Scientific storage must to reduce grain loss | India News

NEW DELHI: Punjab is a small state that makes an oversize contribution to India’s food security. With just 2% of India’s land area under agriculture, it contributes nearly onefourth of paddy and a third of wheat to the national pool, outperforming much bigger states. Yet, a fairly large percentage of Punjab’s grain output is lost before it reaches your table. Some of it is due to natural calamities, but the rest is largely avoidable loss.
Studies have shown that the loss of grain during harvesting, threshing, transportation and storage is quite significant. While an earlier estimate pegged this loss at 9. 3%, the Indian Grain Storage Management and Research Institute (IGSMRI) says postharvest losses amount to nearly 10%.
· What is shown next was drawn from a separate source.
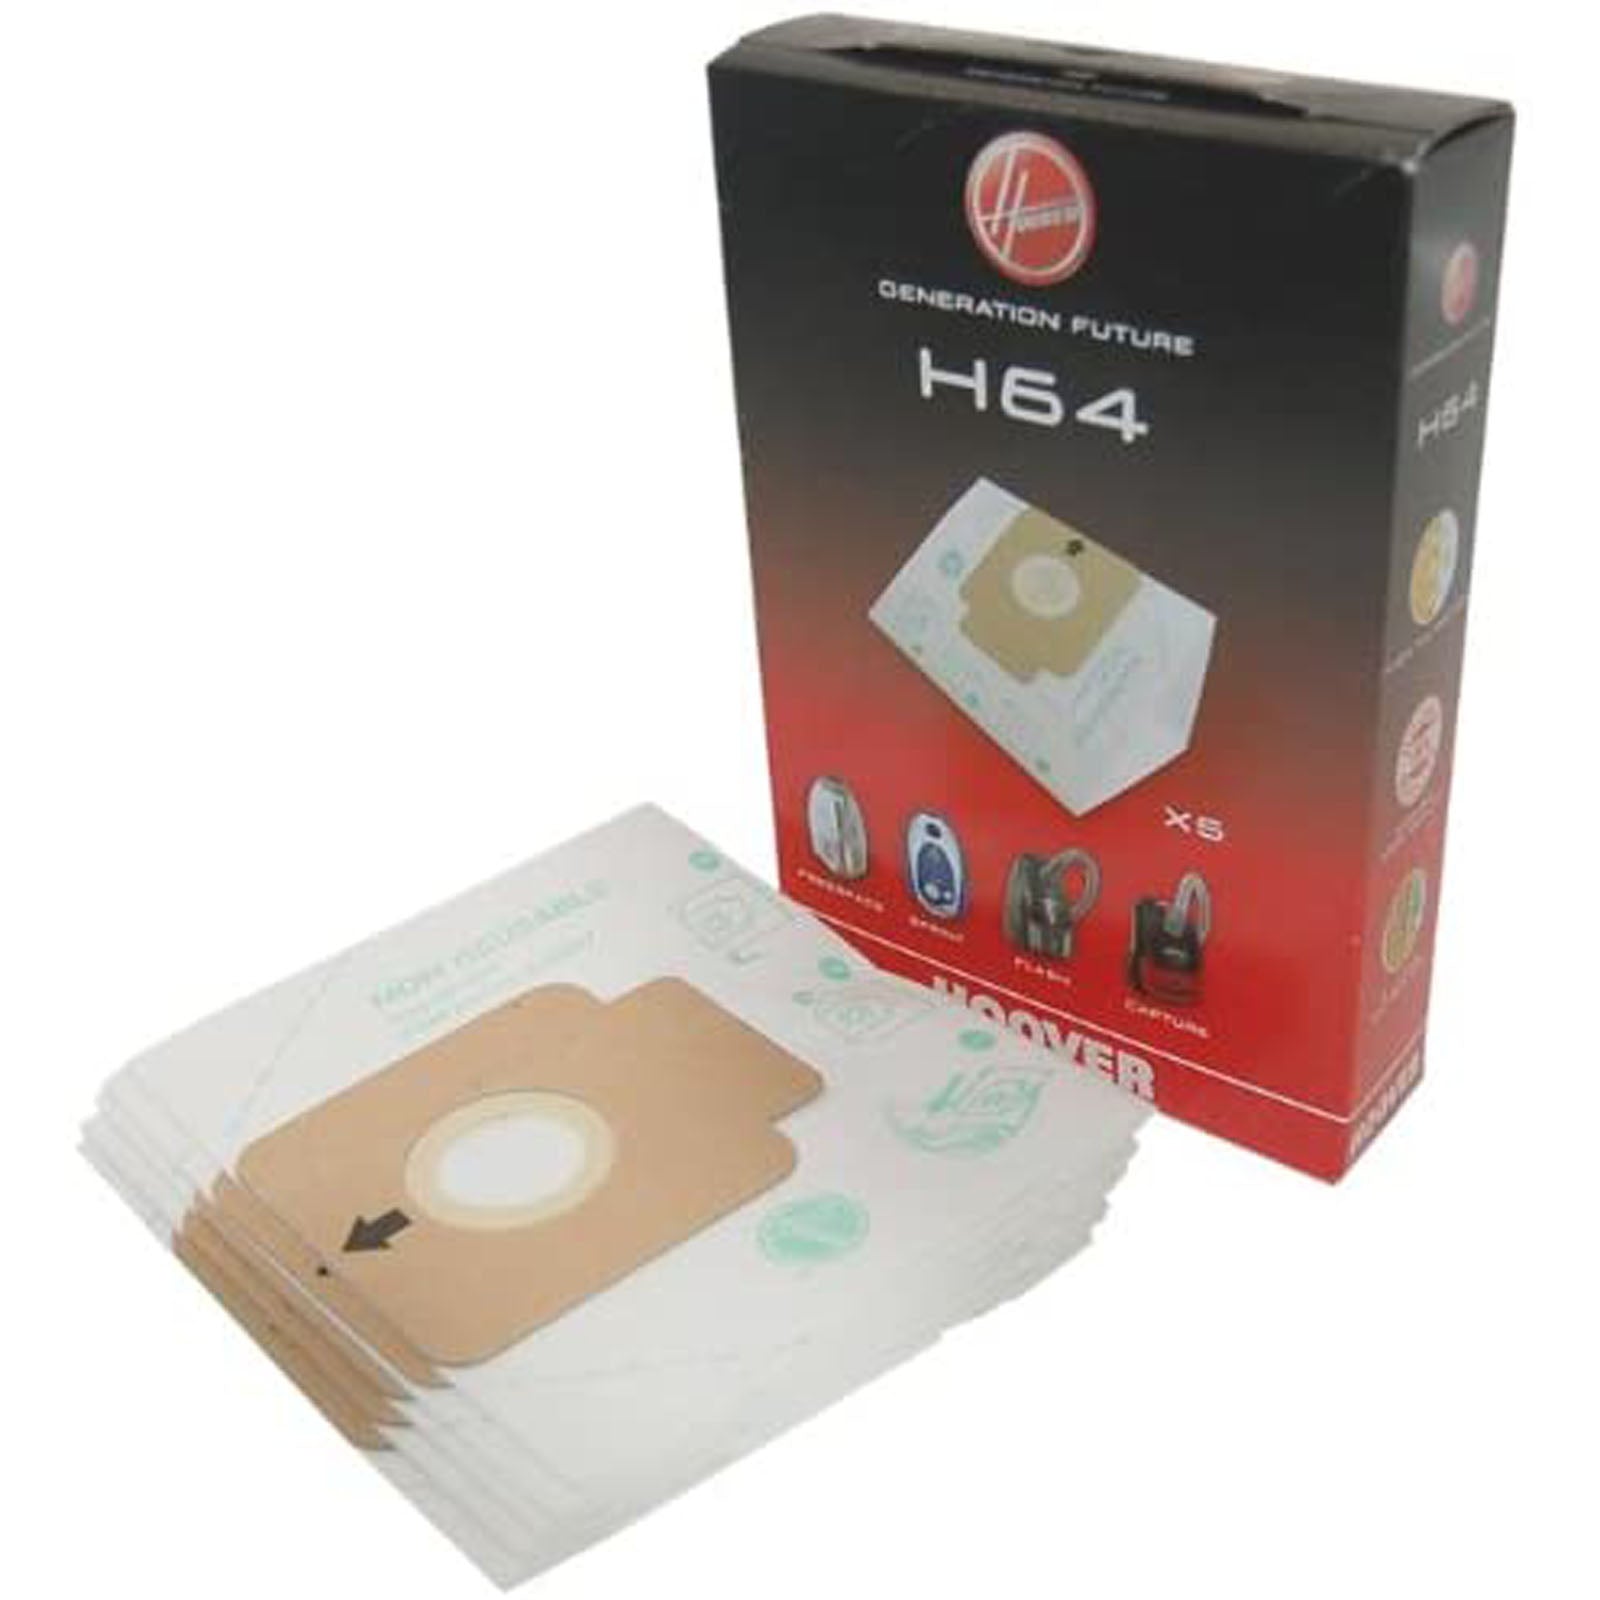 HOOVER Vacuum Cleaner H64 Dust Bag Genuine Freespace Sprint Flash Capture Cylinder 09200245 (Pack of 2) + 10 Fresheners

Among all the factors that lead to food waste, there’s one that can be easily fixed with investment – food storage. In a state like Punjab, the available storage space can’t keep up with the record production year after year, but more worrying is the shortage of storage facilities developed scientifically. Every year, thousands of tonnes of grain stored at the plinth level gets damaged.
While it is a huge monetary loss, it has some hidden environmental costs too. All the diesel used in tractors, pumps and harvesters to grow and harvest the lost grain at great environmental cost also goes waste. Fertilisers and pesticides pollute soil and water, so wasted grain just raises the environmental cost without any benefit.
That’s why developing scientific storage facilities is key to reducing resource use, which is the third ‘R’ of circularity.
Over the years Punjab has also come to be blamed for north India’s air pollution at the onset of winter. The problem is related to the state’s role as the ‘granary of India’. Since the Green Revolution it has become entrenched in the wheat-paddy cycle. Its farmers don’t have enough time between the paddy and wheat seasons, so they burn paddy stubble to get their fields ready for the next crop.
But this approach does not gel with the fourth and fifth R’s of circularity – reuse and recycle. The vast amounts of crop residue that is burnt in Punjab’s fields every year – 20 million tonnes out of a total residue of 51 million tonnes – is biomass that can increase soil fertility as compost, reducing the need for fertilisers.
Some on-site and off-site processes for crop residue management have been put in place but they are yet to show results. Punjab Remote Sensing Centre recorded alarming levels of crop residue burning at the end of the past three paddy seasons.
The Punjab government has put in place several plans to reduce crop residue burning. These include making residue management machinery available and providing subsidy for its purchase. It is also preparing more scientific storage space. These measures should bear fruit in the coming years.